Example 2: Display figurine with complex geometry
Volume: 45 cm³, PLA at 1.24 g/cm³. At 10% infill: 45 × 0.10 × 1.24 = 5.6 g infill. The figurine has a large surface area relative to volume (fine details, thin limbs), so wall material dominates: estimated total ≈ 22 g. Increasing to 25% infill: 14 g infill, total ≈ 30 g. The 15% additional infill adds 36% more material for no visible or functional benefit on a display figurine — 10% is correct here.

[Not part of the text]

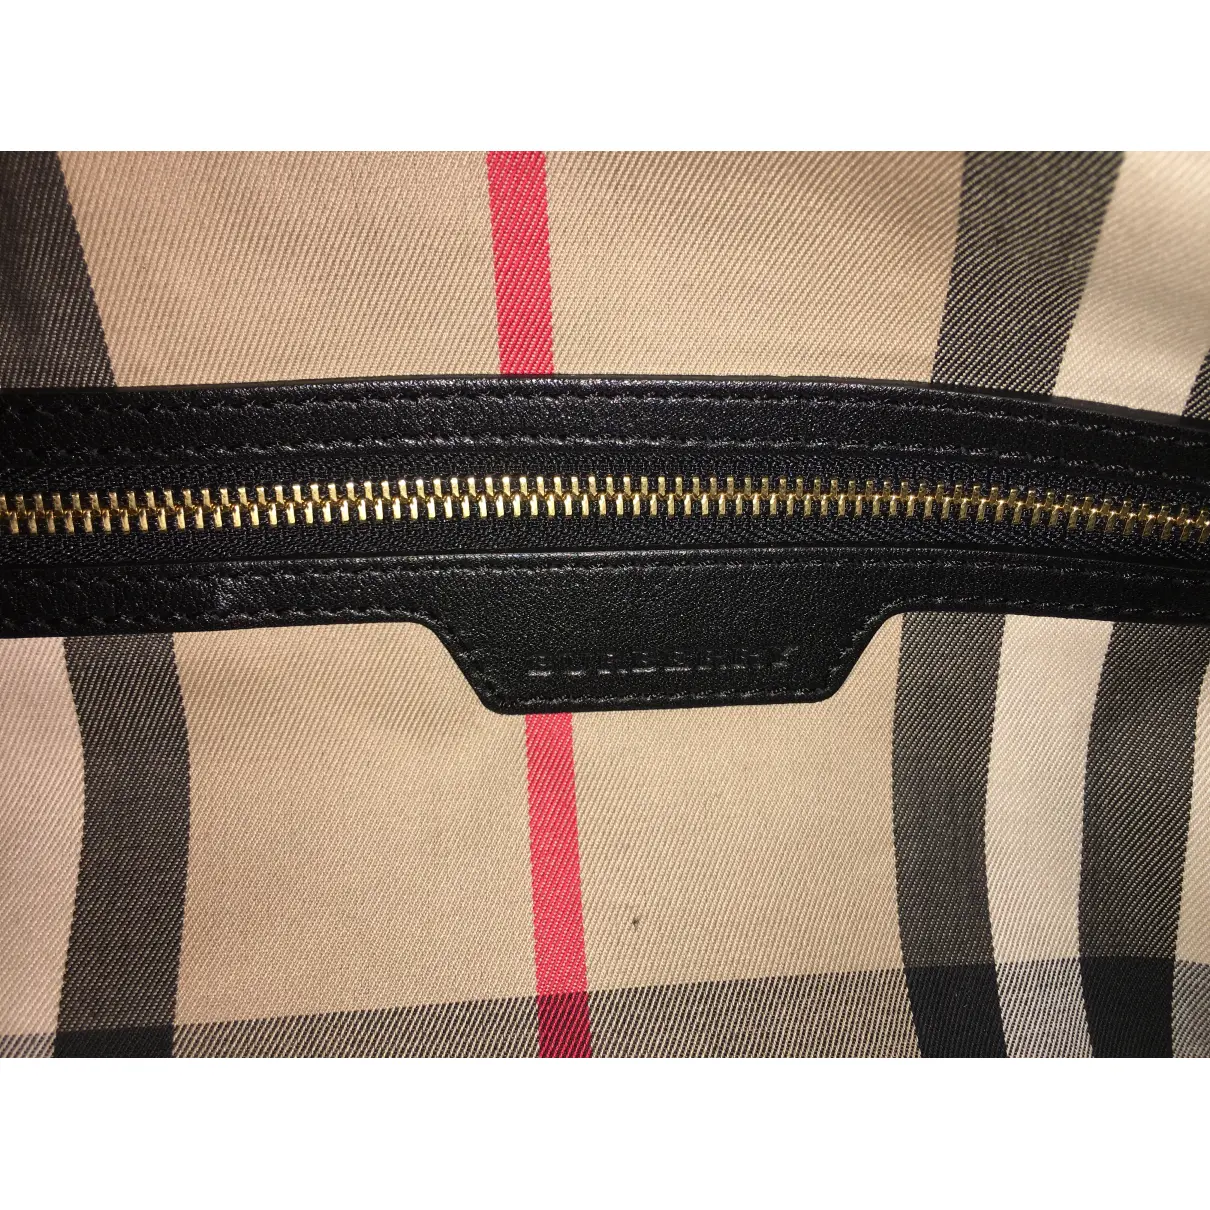 Leather weekend bag Burberry

Example 3: Impact-resistant phone case
Volume: 28 cm³, TPU (flexible, 95A) at 1.21 g/cm³. At 40% infill: 28 × 0.40 × 1.21 = 13.6 g infill. The flex of TPU means high infill makes the case stiffer and less effective at absorbing impact. For TPU cases, 15–25% gyroid or honeycomb provides better impact absorption than 40%+ grid infill, at lower material cost. At 20% infill: 6.8 g — half the material with better functional performance.
Common mistakes with infill settings
Using high infill as a substitute for proper wall count. For most strength requirements, adding perimeters (3 → 5 walls) is more effective and material-efficient than increasing infill from 20% to 60%. The walls carry most structural loads; infill primarily prevents the surface from collapsing. Adding 2 extra perimeters costs less material than doubling infill, with better load-bearing performance for most real-world loads.
Not accounting for wall material in total weight estimates. The infill-only calculation from this calculator must be used alongside knowledge of your wall count and layer thicknesses to estimate total print weight. For a quick total estimate, slice the model with your settings and read the slicer's gram estimate directly.
Assuming infill percentage changes proportionally with strength. Going from 20% to 40% infill doesn't double strength. The relationship is non-linear and geometry-dependent. Beyond a certain threshold (around 40–60% for most patterns), additional infill yields diminishing strength returns at linear material cost.